Use this checklist before expecting the 72-hour window:
- The assessment has been completed and assessed by SARS.
- A refund of more than R100 is due.
- Banking details are correct.
- There is no debt or outstanding return.
- No inspection, verification, or audit has been required or started.
If one of those items is not true, the refund may need more time or a specific action.
Example timelines
| Situation | How to think about the timing |
|---|---|
| Assessment complete, no delay flags | Monitor the first few days through official SARS channels. |
| Verification requested after assessment | Wait for SARS to review the supporting information. |
| Audit selected | Treat the timeline as account-specific until SARS completes the audit process. |
| Banking details not accepted | The clock is less useful until the bank-detail issue is resolved. |
| Debt or outstanding returns | The refund may be reduced, offset, or held until the account issue is cleared. |
When does the 72 hours start?
SARS says the 72 hours starts from the time the assessment has been completed and assessed, subject to the listed conditions. That means the timing does not start when you submit a return, when you receive a generic message, or when you first notice a possible refund.

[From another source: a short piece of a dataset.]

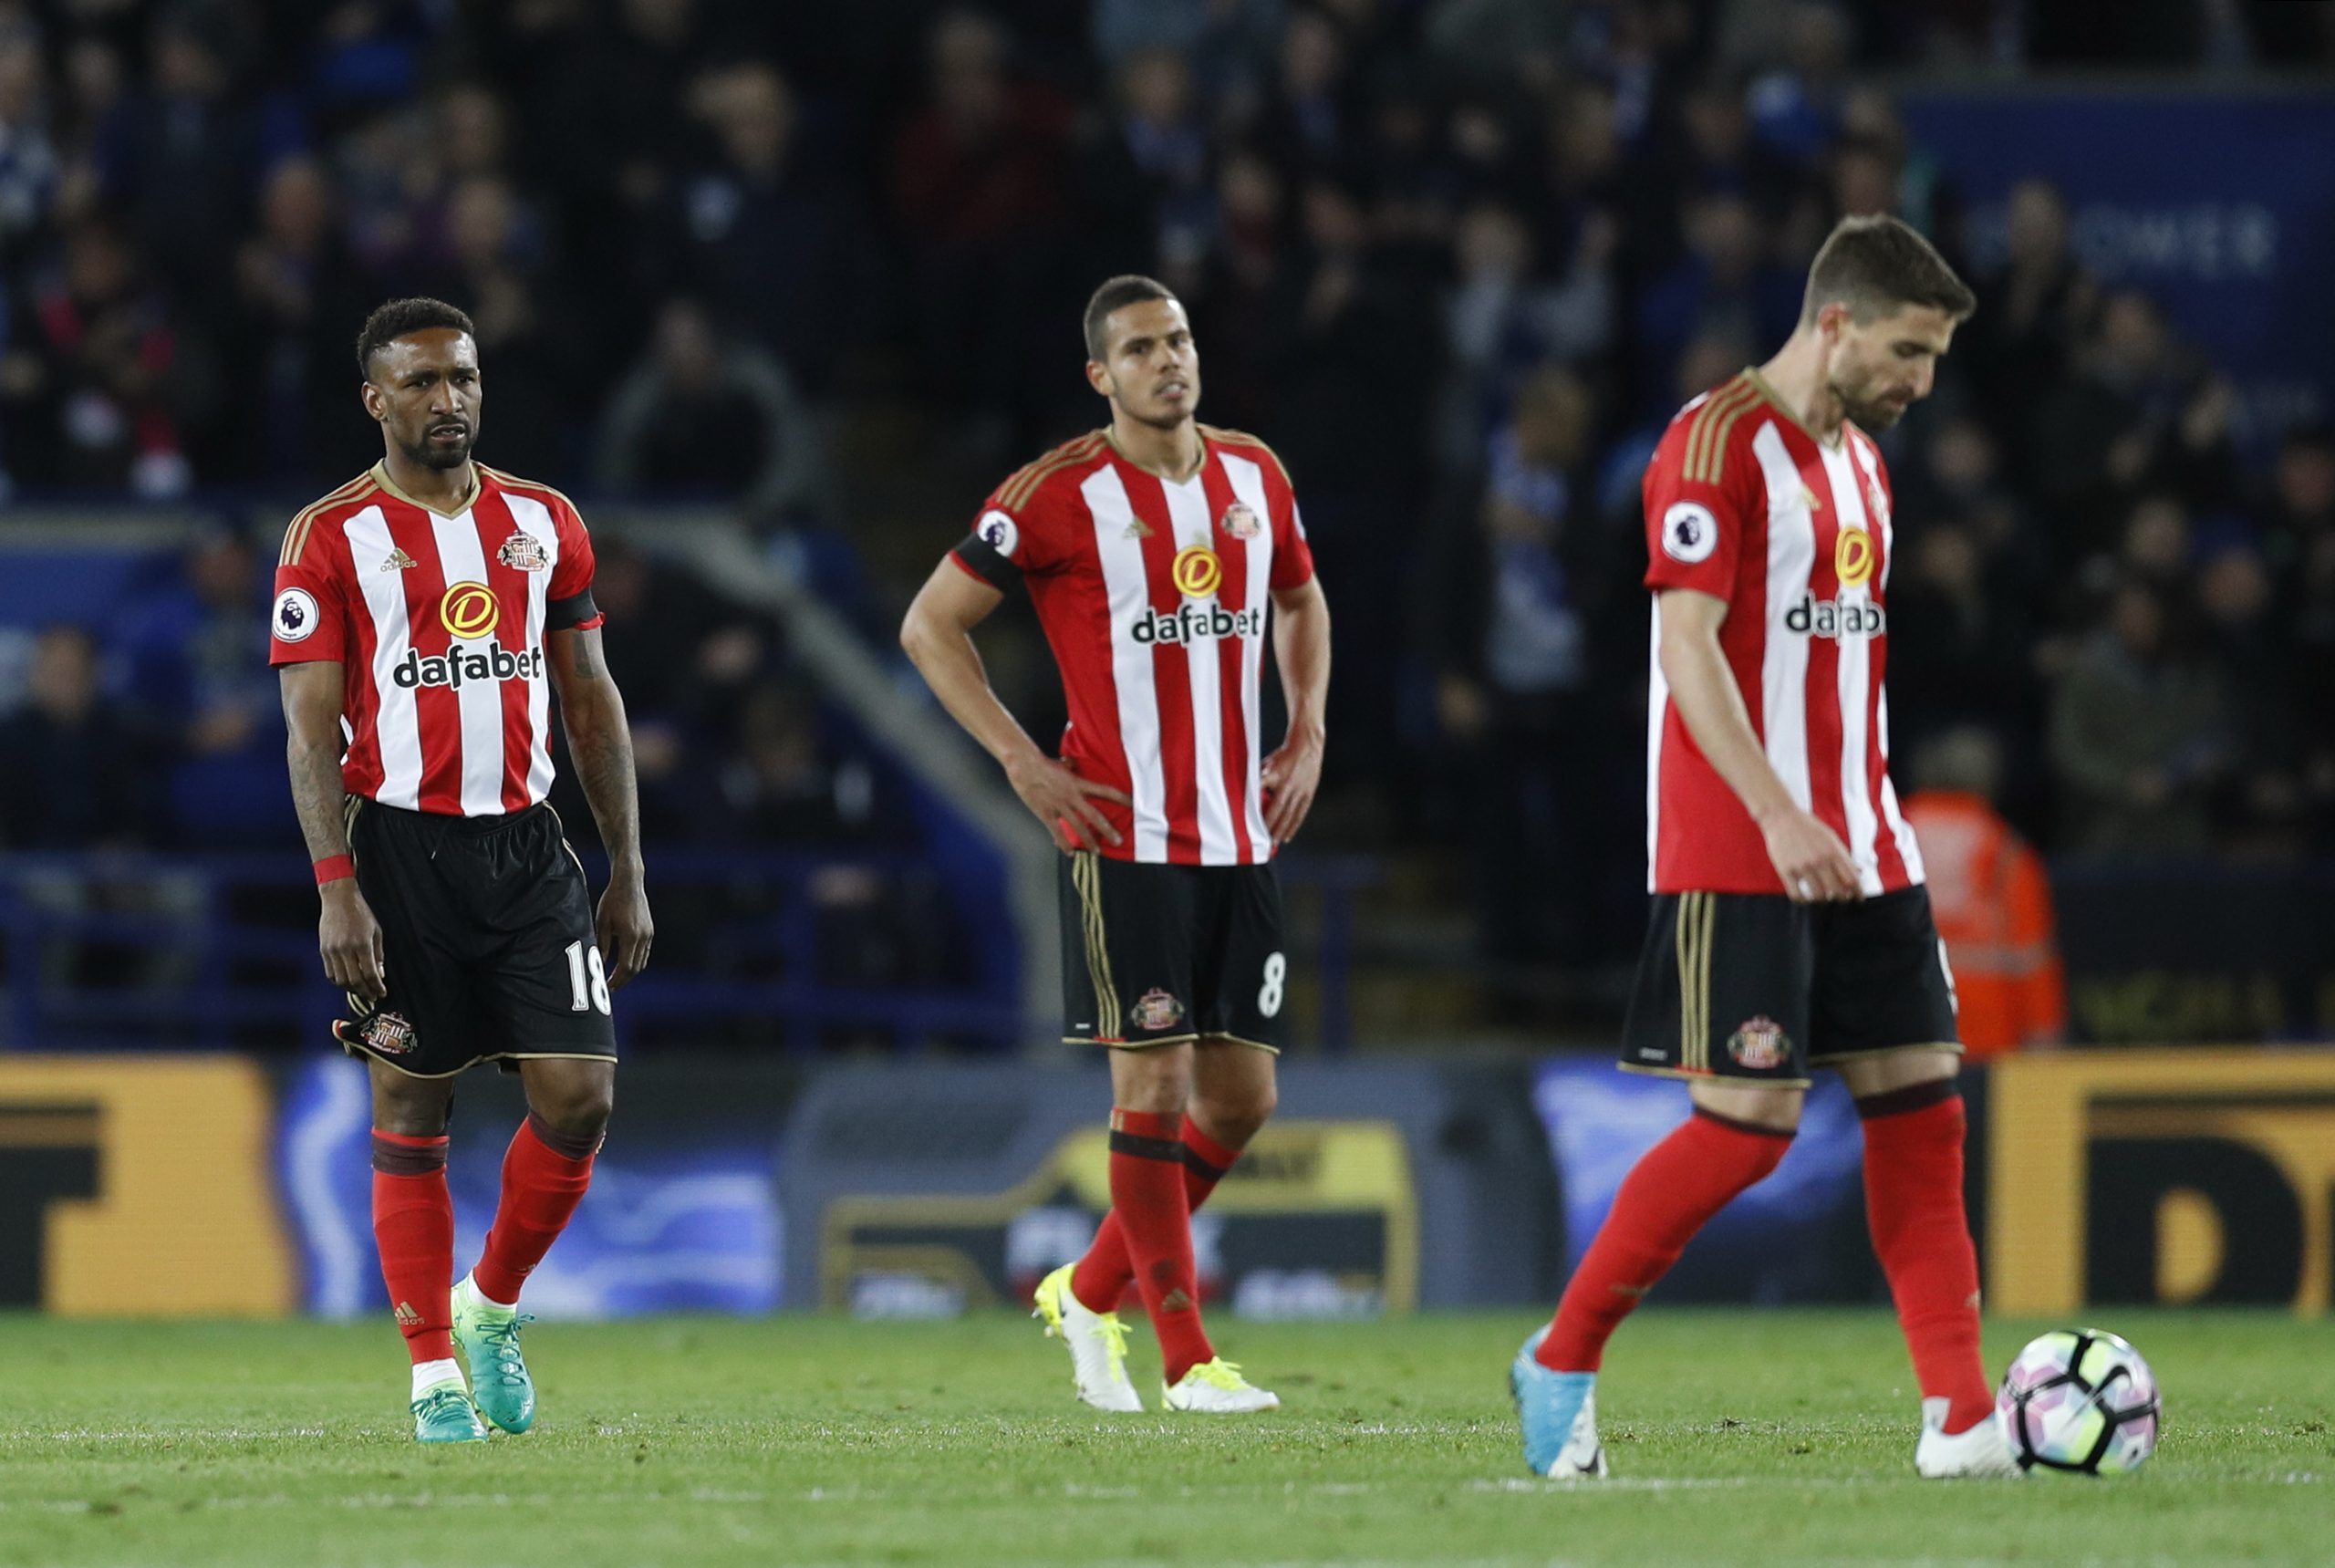 Britain Football Soccer - Leicester City v Sunderland - Premier League - King Power Stadium - 4/4/17 Sunderland's Jermain Defoe and Jack Rodwell look dejected after Leicester's Islam Slimani scored their first goal  Reuters / Darren Staples Livepic EDITORIAL USE ONLY. No use with unauthorized audio, video, data, fixture lists, club/league logos or 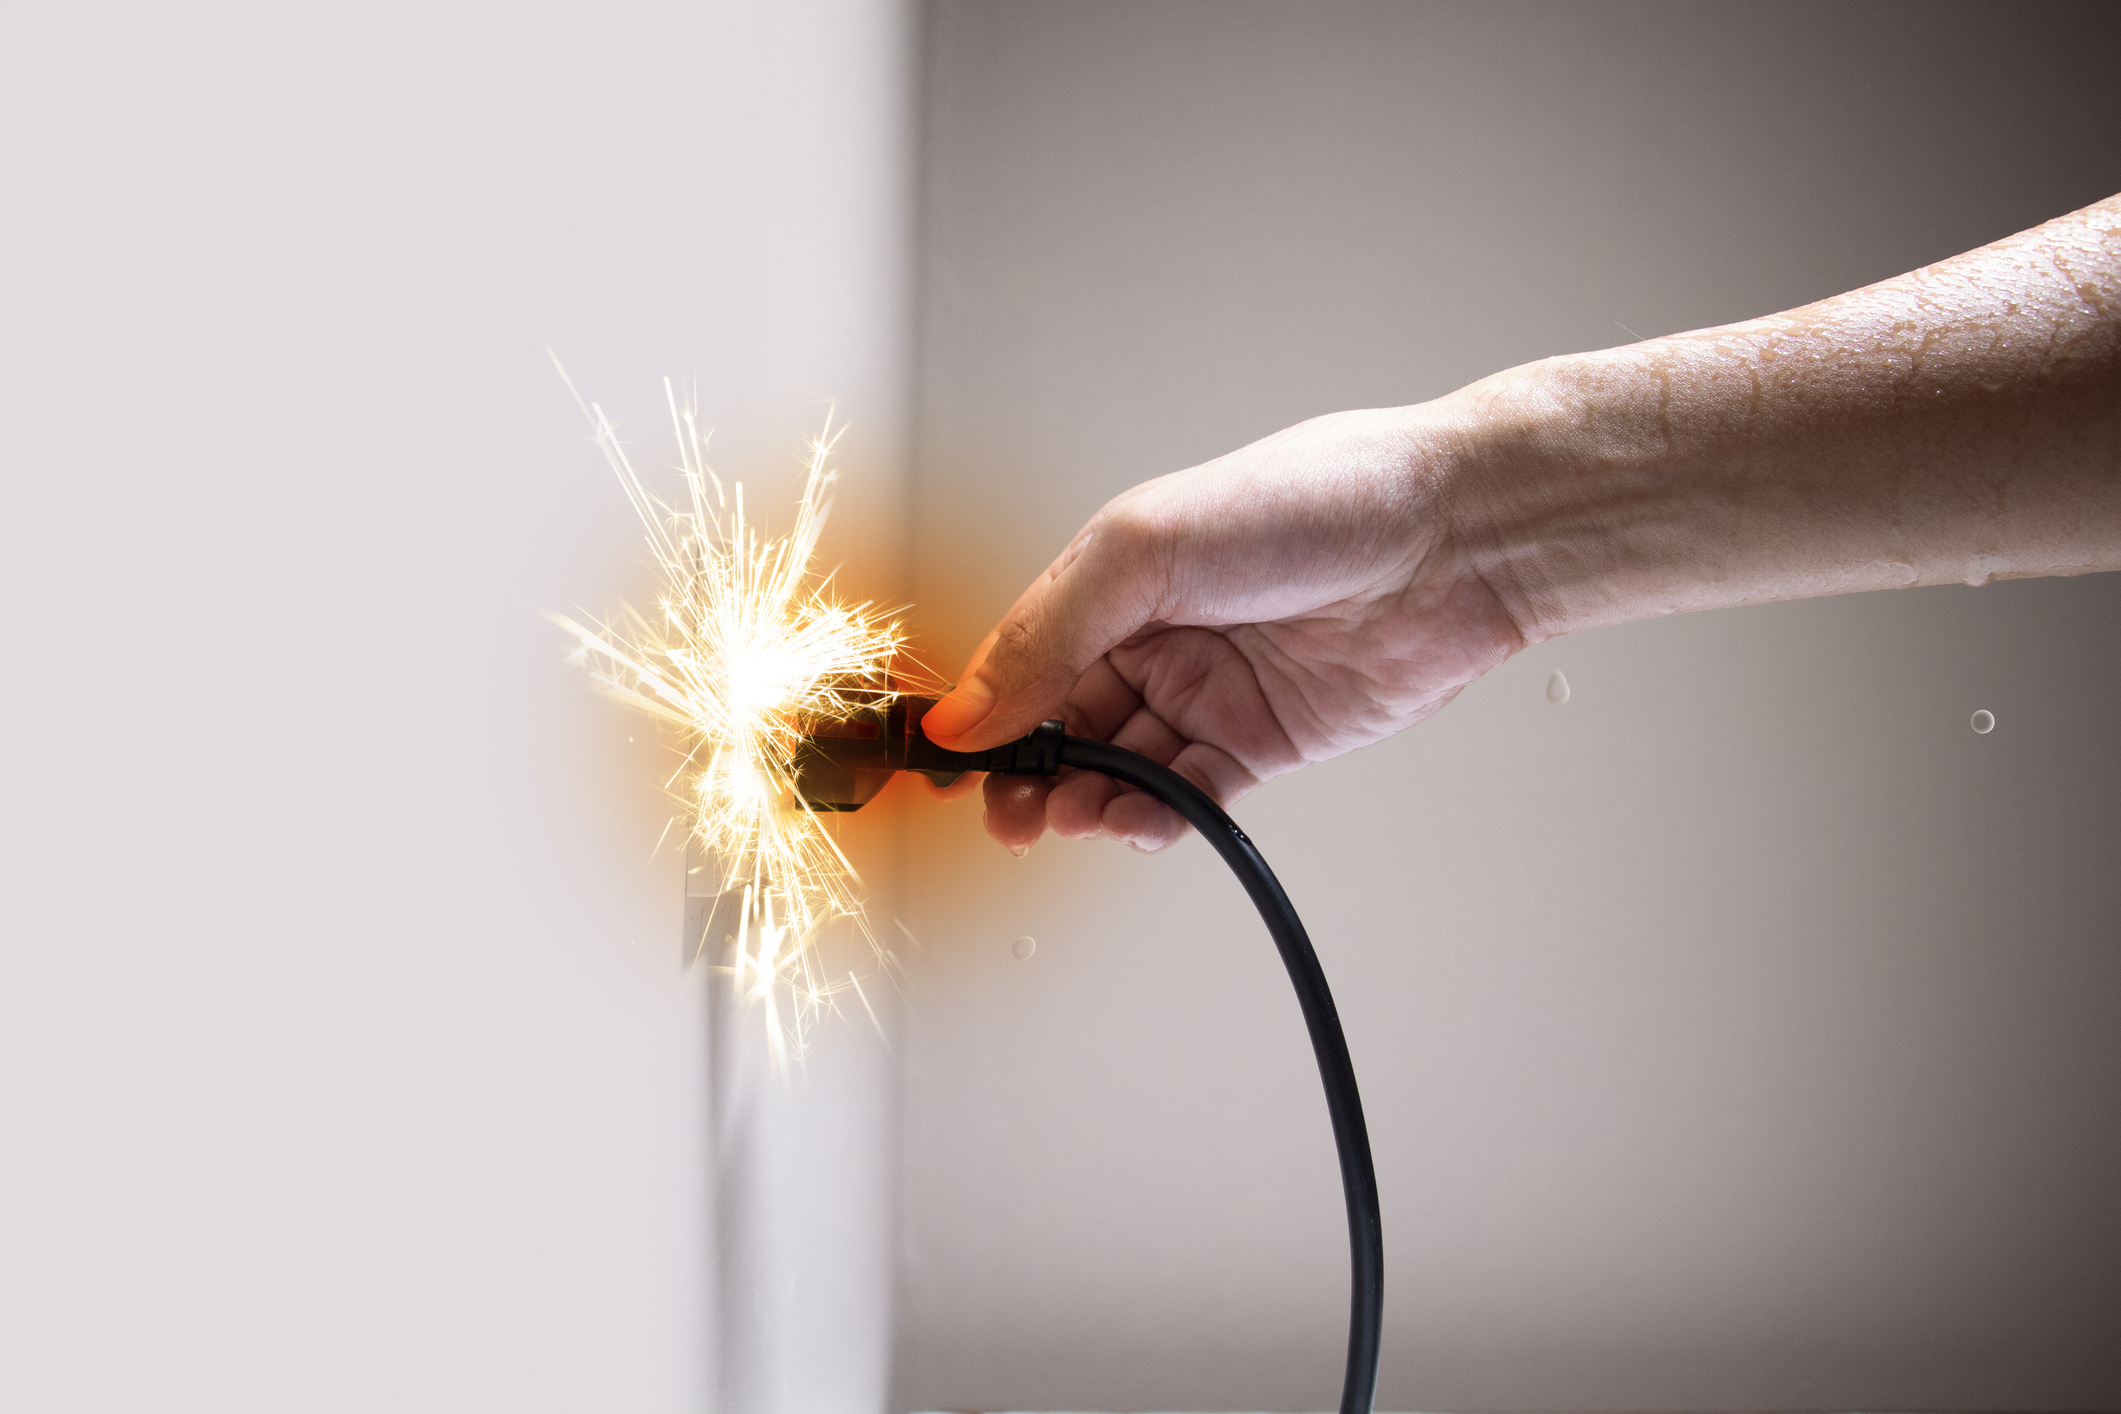 Sparks while plugging cord into socket

The safest practical step is to check the official refund-status route and confirm whether the assessment is complete and whether SARS shows any follow-up item.
What if the 72 hours passed?
Do not panic and do not use unofficial helpers. Check the common delay pages on this site, then use SARS official channels. Look especially for verification, audit, bank-detail validation, debt, outstanding returns, or a payment status that has not yet reflected at your bank.
If a message says your refund is “stuck” and asks you to click a link, enter bank details, or pay a release fee, compare it with SARS scam guidance before doing anything.
Why people misunderstand the phrase
The 72-hour phrase is easy to remember, so it gets repeated without the conditions around it. That is where many misunderstandings start. A person may submit a return, count three days, and assume SARS missed a deadline even though the assessment is not complete or verification has started.
Another common mistake is to count from an auto-assessment notice without checking whether the bank details are correct and whether the assessment shows a refund due. The right starting point is the completed assessment and the conditions listed by SARS.
Use the phrase as a check, not a guarantee
The best use of the 72-hour wording is as a checklist. If your refund is not moving, ask which condition is missing. Is the assessment complete? Is the refund above the amount SARS mentions? Are banking details correct? Are there outstanding returns or debt? Has SARS started verification, inspection, or audit?
That checklist usually gives a safer next step than a fixed promise. If all conditions appear clear and the refund still does not reflect, use SARS official channels to confirm the account-specific status.
FAQ
Common questions
Is every refund paid within 72 hours?
No. SARS lists conditions that must be met before the 72-hour wording applies.
What if verification starts?
Verification can move the refund out of the simple 72-hour path while SARS reviews information.
Does a refund below R100 follow the same wording?
The SARS 72-hour FAQ refers to a refund of more than R100 being due. Check SARS directly for account-specific treatment.